To our knowledge, no tool in Bioinformatics exists in isolation with the unique function of helping users build and manage sets of genes. Although the Gene Set Builder system shares similar properties with other multi-gene tools such as the Sequence Retrieval System (SRS) [13], SeqHound [14], and WebGestalt [15], it does not share the same fundamental concept, nor does it fit into the same categorical niche. Gene Set Builder's primary role is to help users build, annotate, and import gene sets in detail. SRS and SeqHound are focused more towards the computational aspects of working with a set of genes, not the long-term management and sharing of sets. WebGestalt provides users with an array of set analysis functions, but it does not facilitate the creation, maintenance, and sharing of sets. We are exploring mechanisms to directly submit Gene Set Builder sets to other tools such as WebGestalt.

Benefits

The utility of Gene Set Builder offers users three major benefits: (1) it can help users annotate a pre-existing set of genes through synchronization with the Ensembl database to obtain alternate identifiers and descriptions; (2) it can aide in collaborative efforts by allowing team members to store gene sets in a central location where they can be easily accessed; and (3) it can be used as an aide for publication by allowing users to share their sets of genes with the community at large.

Most importantly, Gene Set Builder facilitates the storage of gene sets in a relational database as opposed to a text file, while offering a friendly environment that automates time-consuming tasks. The application's searching, annotating, and sharing features give users flexibility and convenience. Thus, users benefit from access to curated sets provided by other users, from the capacity to build sets in collaboration with others, and from the ability to shift from one set of identifiers to another.

Limitations

While Gene Set Builder offers advantages to users, it does have several technical limitations which we hope to address in the future.
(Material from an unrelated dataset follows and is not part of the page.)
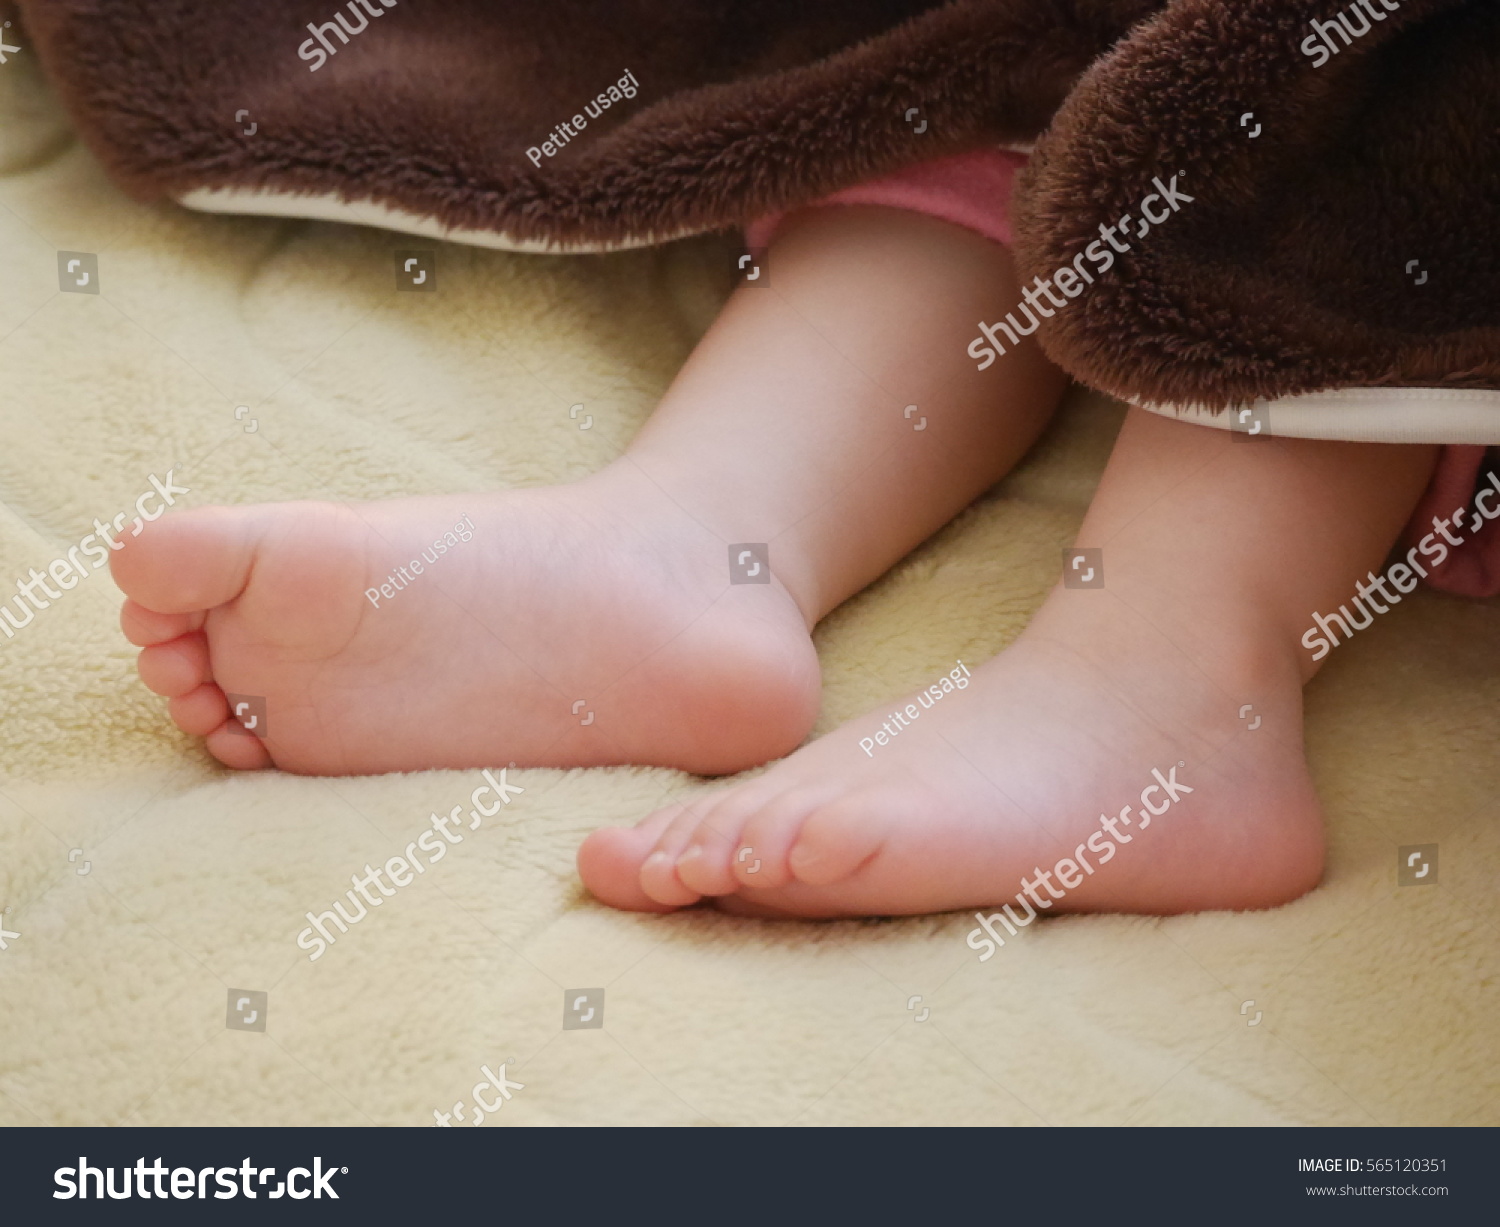 Girl with cute feet

One limitation involves Gene Set Builder's reliance upon Ensembl and GeneLynx for annotation data. Due to this dependency, users cannot build sets of prokaryotic or viral genes, nor include genes from non-supported eukaryotic organisms. Ideally, Gene Set Builder would eventually interact with systems such as Entrez Gene, the UCSC Genome Browser [16], and the Comprehensive Microbial Resource at TIGR [17]. As similar API resources emerge or mature for these systems, we will work to expand Gene Set Builder's compatibility.

While Gene Set Builder is fully compatible with recent versions of the Internet Explorer and Firefox web browsers, it renders inconsistently when viewed in older releases of Netscape and Safari. These problems stem from insufficient JavaScript support. To overcome this difficulty, we have implemented a "safe mode" state which can be toggled to increase usability when the system is being accessed via a less compatible browser.

Conclusion

To our knowledge, the creation of general purpose gene set building tools has remained virtually unexplored. Gene Set Builder is our vision of what an application of this type can provide. It fulfils the needs of users interested in forming, annotating, sharing and exporting sets of genes.

Availability and requirements

The Gene Set Builder can be accessed via http://www.cisreg.ca/gsb/, and it is available without charge to all users. A guest account is available for those who are interested in testing the system. We recommended a monitor screen resolution of at least 800 by 600 pixels or greater (1024 by 768 pixels is preferred), in thousands of colours, and a recent web browser with JavaScript and the Macromedia Flash 7 plug-in installed and enabled.